TASK DETAILS:
Locate "Christmas Lights Wallpapers - THIS Wallpaper" in the listing. Transcribe the line that contains it and every line that follows, through the last, omitting all pictures.

*** RECORDED DATA ***

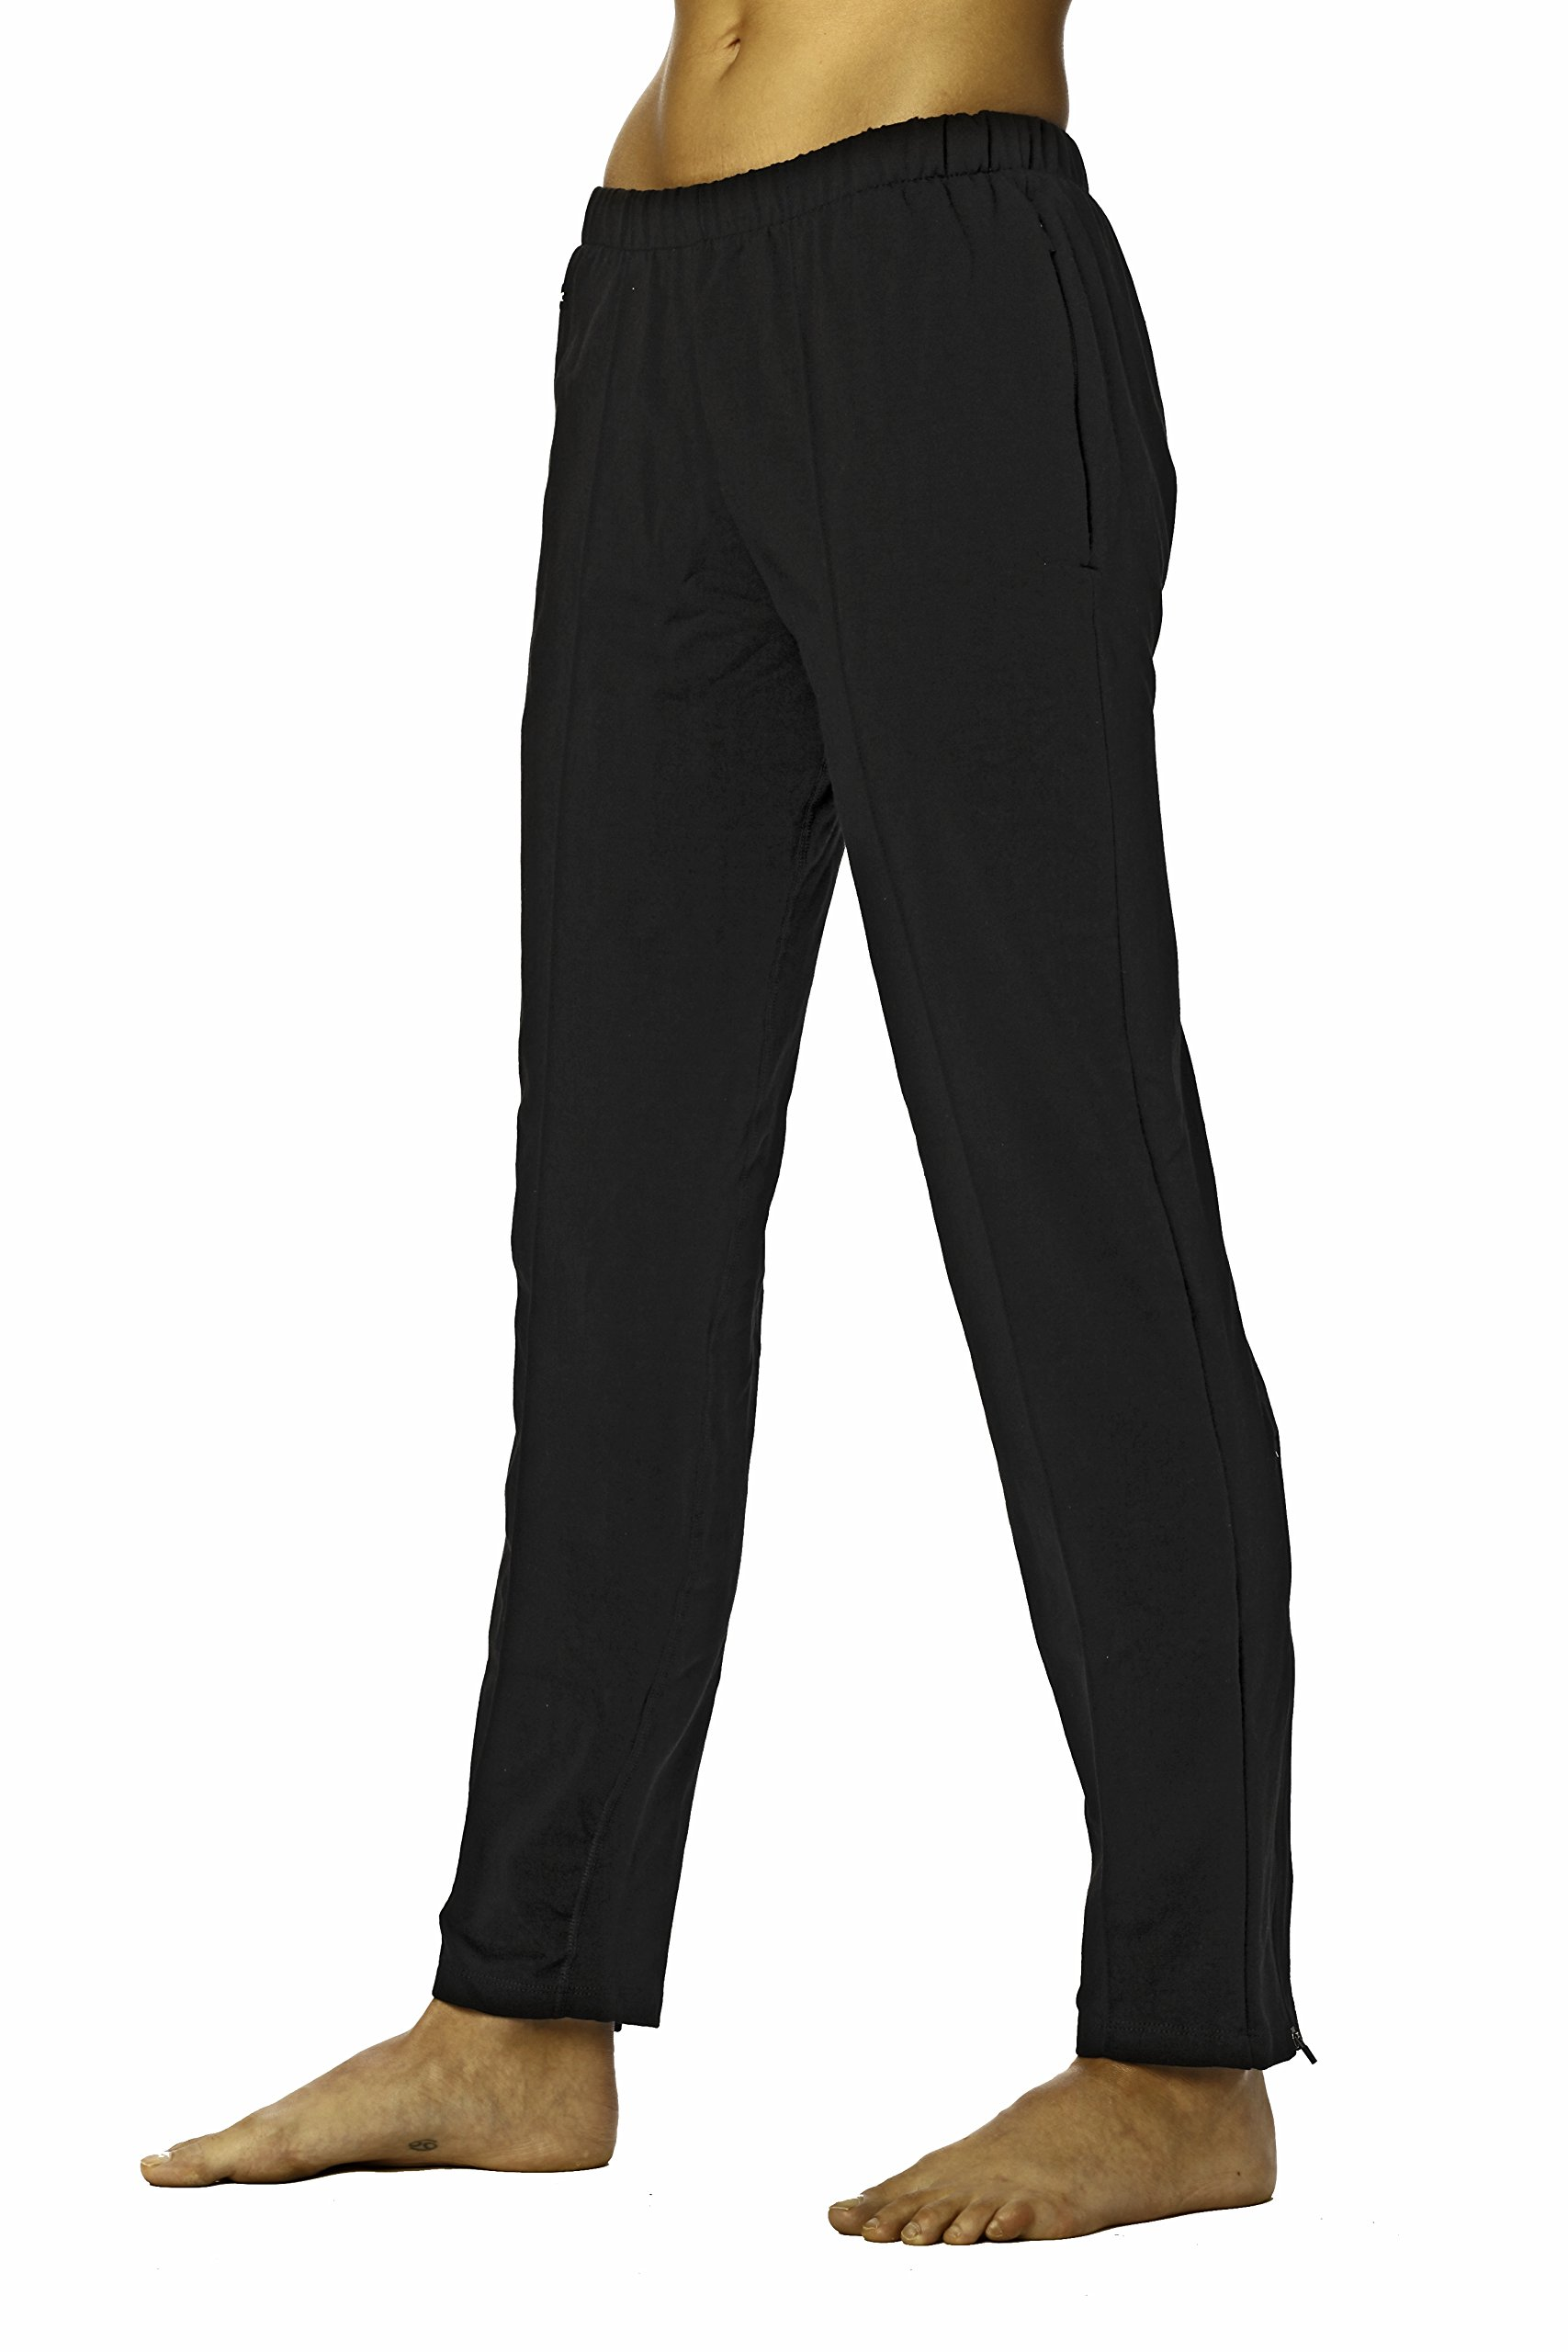 Sporthill Women's XC Pant (Black, Large)
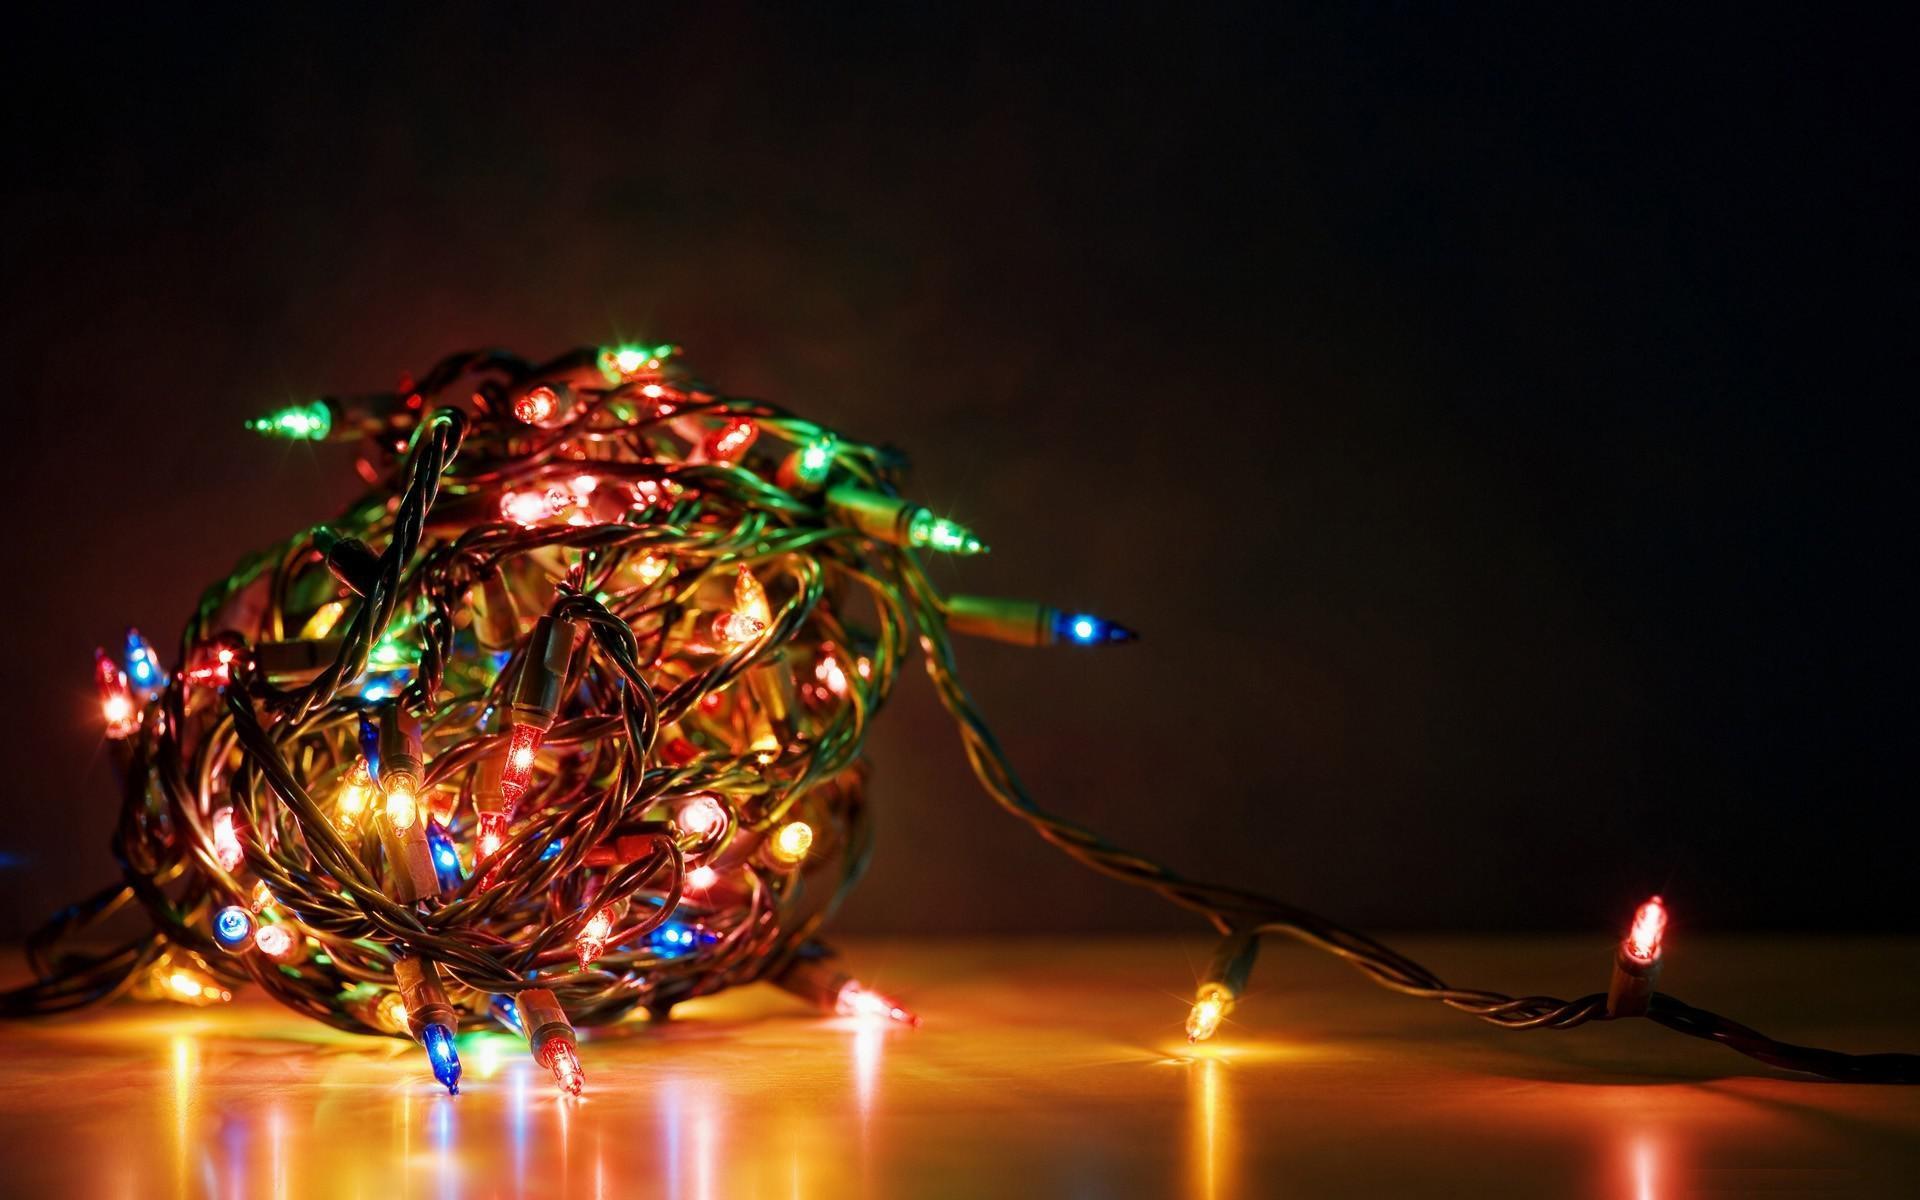 Christmas Lights Wallpapers - THIS Wallpaper
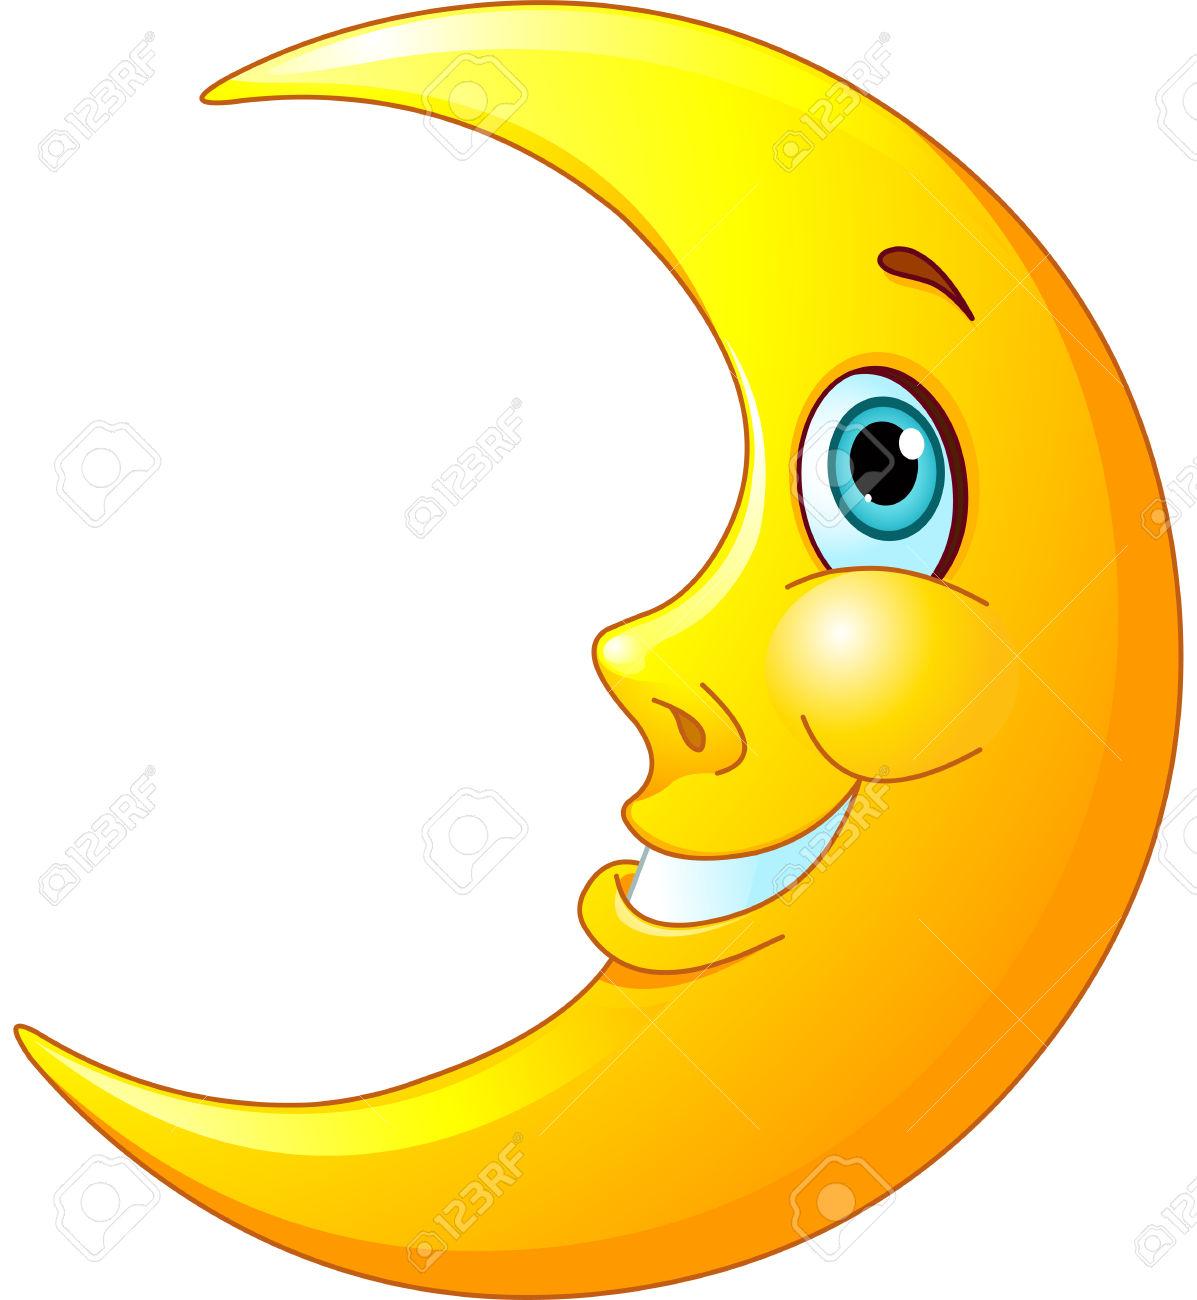 1197x1300 Lunar Clipart Happy

*** End of RECORDED DATA ***

TASK SOLUTION:
 Christmas Lights Wallpapers - THIS Wallpaper
 1197x1300 Lunar Clipart Happy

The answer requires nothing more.